10. The apparatus for generating a 3D stereoscopic image according
to claim 9, wherein the 3D model generating unit includes: a 3D
mesh service generating unit for generating a 3D mesh surface of
each layer by applying the 2D depth map information to the 2D
planar image in the unit of layer; and a 3D template model matching
unit for checking an object having a similar shape to the 3D
template model among objects included in the 2D planar image, and
applying the 3D template model to the checked object to generate a
3D solid object.
11. The apparatus for generating a 3D stereoscopic image according
to claim 9, wherein the interface allows a user to check the 3D
mesh surface and the 3D solid object arranged on the 3D space by
the naked eye and allows the cubic effects of the 3D mesh surface
and the 3D template model to be corrected on the 3D space in the
unit of pixel or feature.
12. The apparatus for generating a 3D stereoscopic image according
to claim 9, further comprising a memory for classifying and storing
the 2D planar image, the 2D depth map information and the 3D
template model.
13. The apparatus for generating a 3D stereoscopic image according
to claim 9, wherein the depth adjusting unit further includes a
function of, in the case where the 3D mesh surface and the 3D
template model are completely corrected, automatically calculating
a new 2D depth map from the corrected 3D mesh surface and
automatically calculating new 3D object depth information from the
corrected template model, and then storing the calculated new 2D
depth map and 3D object depth information in the memory.
Description
CROSS-REFERENCE TO RELATED APPLICATIONS
[0001] This application claims priority under 35 U.S.C. .sctn.119
to Korean Patent Application No. 10-2012-0032207, filed on Mar. 29,
2012, in the Korean Intellectual Property Office, the disclosure of
which is incorporated herein by reference in its entirety.
TECHNICAL FIELD
[0002] The following disclosure relates to a 3D stereoscopic image
generating technique, and in particular, to a technique allowing a
2D depth map for generating a 3D stereoscopic image and a 3D
template model to be simultaneously adjusted and rendered on a 3D
space.
BACKGROUND
[0003] Different from an existing 2-dimension (hereinafter, 2D), a
3-dimensional (hereinafter, 3D) image technique is similar to an
actual image seen and felt by a person and thus expected to take
the lead in a next-generation digital image culture as a conceptual
realistic image media which raises the quality level of visual
information by several notches.
[0004] Such a 3D stereoscopic image may be obtained by directly
photographing an object with several cameras, or by converting a 2D
planar image into a 3D stereoscopic image having a cubic
effect.
[0005] In the case where a 3D stereoscopic image is generated by
using a 2D planar image, the 2D planar image is divided into a
background and each object, and then depth information is endowed
to the background and each object, so that the 2D planar image may
be converted into a 3D stereoscopic image having a cubic effect.
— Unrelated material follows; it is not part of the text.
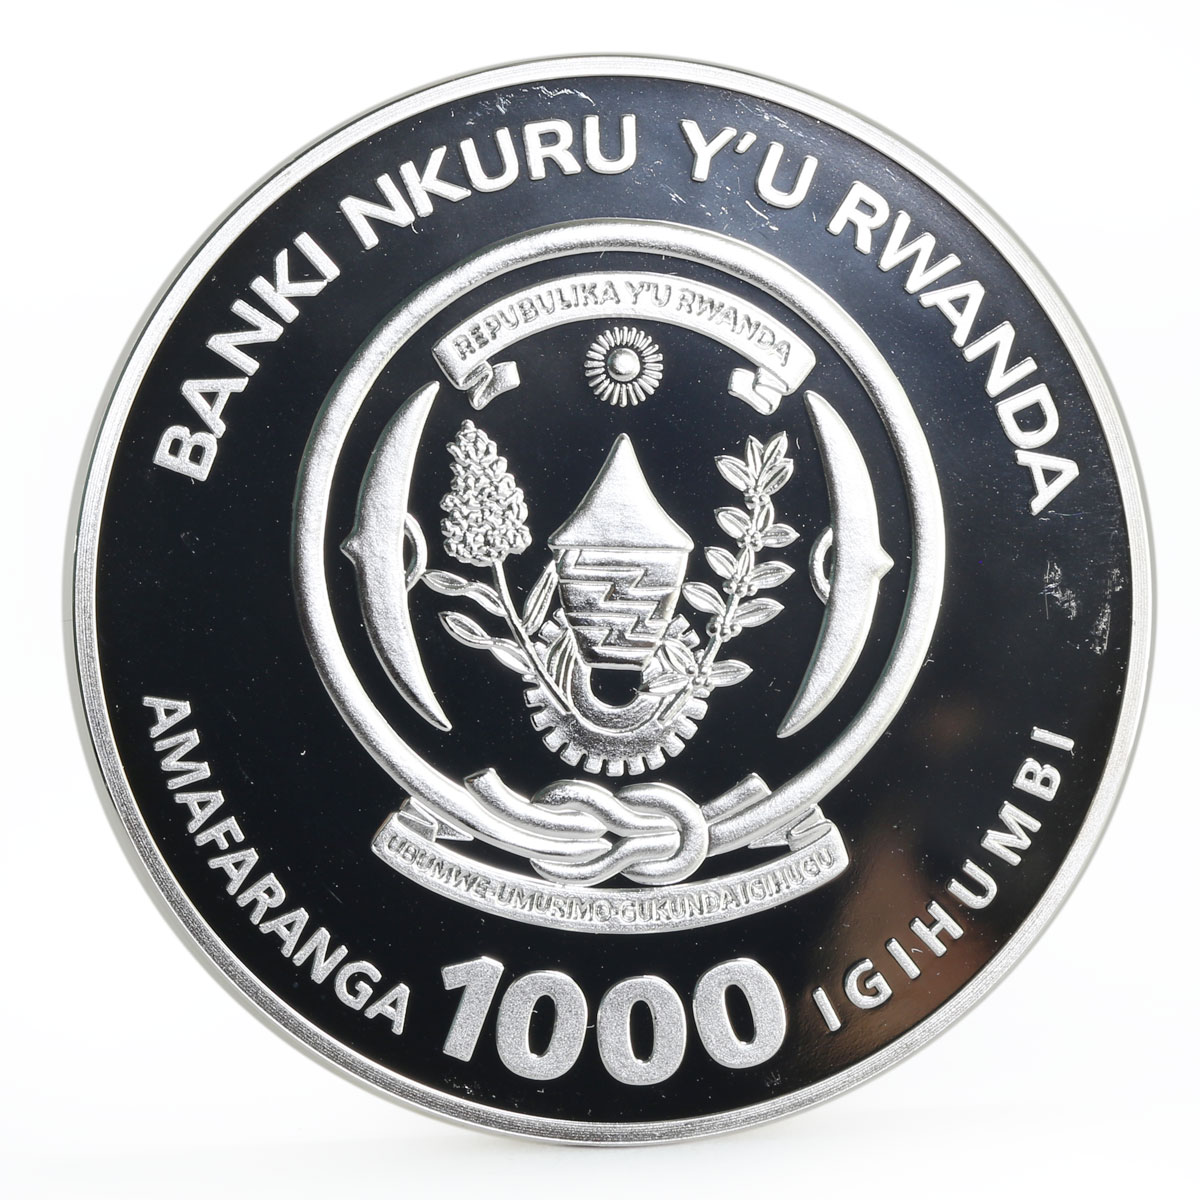 Rwanda 1000 francs Year of the Tiger gilded silver coin 2010

However, since the depth information of each object divided from
the 2D planar image shows a simple planar shape, a method for
correcting the depth information more accurately is required to
express an actual object.
[0006] Generally, in order to solve this problem, a method for
applying basic figures, to which a depth map is applied, to an
object present in an image and having a similar shape (hereinafter,
a depth information correcting method using a template shape) as
shown in FIG. 1 and a method for applying the same depth map to an
image so that a user directly infers a depth map from the map and
corrects the depth information (hereinafter, a depth information
correcting method using a user definition) as shown in FIG. 2 are
used. For example, in regard to an object having a complicated and
irregular shape, the depth information correcting method using a
user definition is applied so that the user may arbitrarily correct
the depth map, and in regard to an object having a simple and
regular shape, the depth information correcting method using a
template shape is applied to correct the depth information of the
corresponding object.
[0007] However, the depth information correcting method using a
template shape may be used on a 3D space, and the depth information
correcting method using a user definition may be performed only on
a 2D space. In other words, since two methods above are performed
on different working spaces, if the depth information is corrected
by utilizing both methods, the work efficiency is deteriorated.
SUMMARY
[0008] An embodiment of the present disclosure is directed to
providing method and apparatus for generating a 3D stereoscopic
image, which may improve the work efficiency by allowing both a
depth information correcting method using a template shape and a
depth information correcting method using a user definition to be
performed on a 3D space.
[0009] In a general aspect, there is provided a method for
generating a 3D stereoscopic image, which includes: generating at
least one 3D mesh surface by applying 2D depth map information to a
2D planar image; generating at least one 3D solid object by
applying a 3D template model to the 2D planar image; arranging the
3D mesh surface and the 3D solid object on a 3D space and fixing a
viewpoint; providing an interface so that cubic effects of the 3D
mesh surface and the 3D solid object are correctable on the 3D
space, and correcting the cubic effects of the 3D mesh surface and
the 3D solid object according to a control value input through the
interface; and obtaining a 3D solid image by photographing the
corrected 3D mesh surface and 3D solid object with at least two
cameras.
[0010] In the correcting of cubic effects of the 3D mesh surface
and the 3D solid object, after the 3D mesh surface and the 3D solid
object become correctable, a pixel or feature of the 3D mesh
surface and the 3D solid object may be selected according to the
control value input through the interface, and a height of the
selected pixel or feature may be corrected.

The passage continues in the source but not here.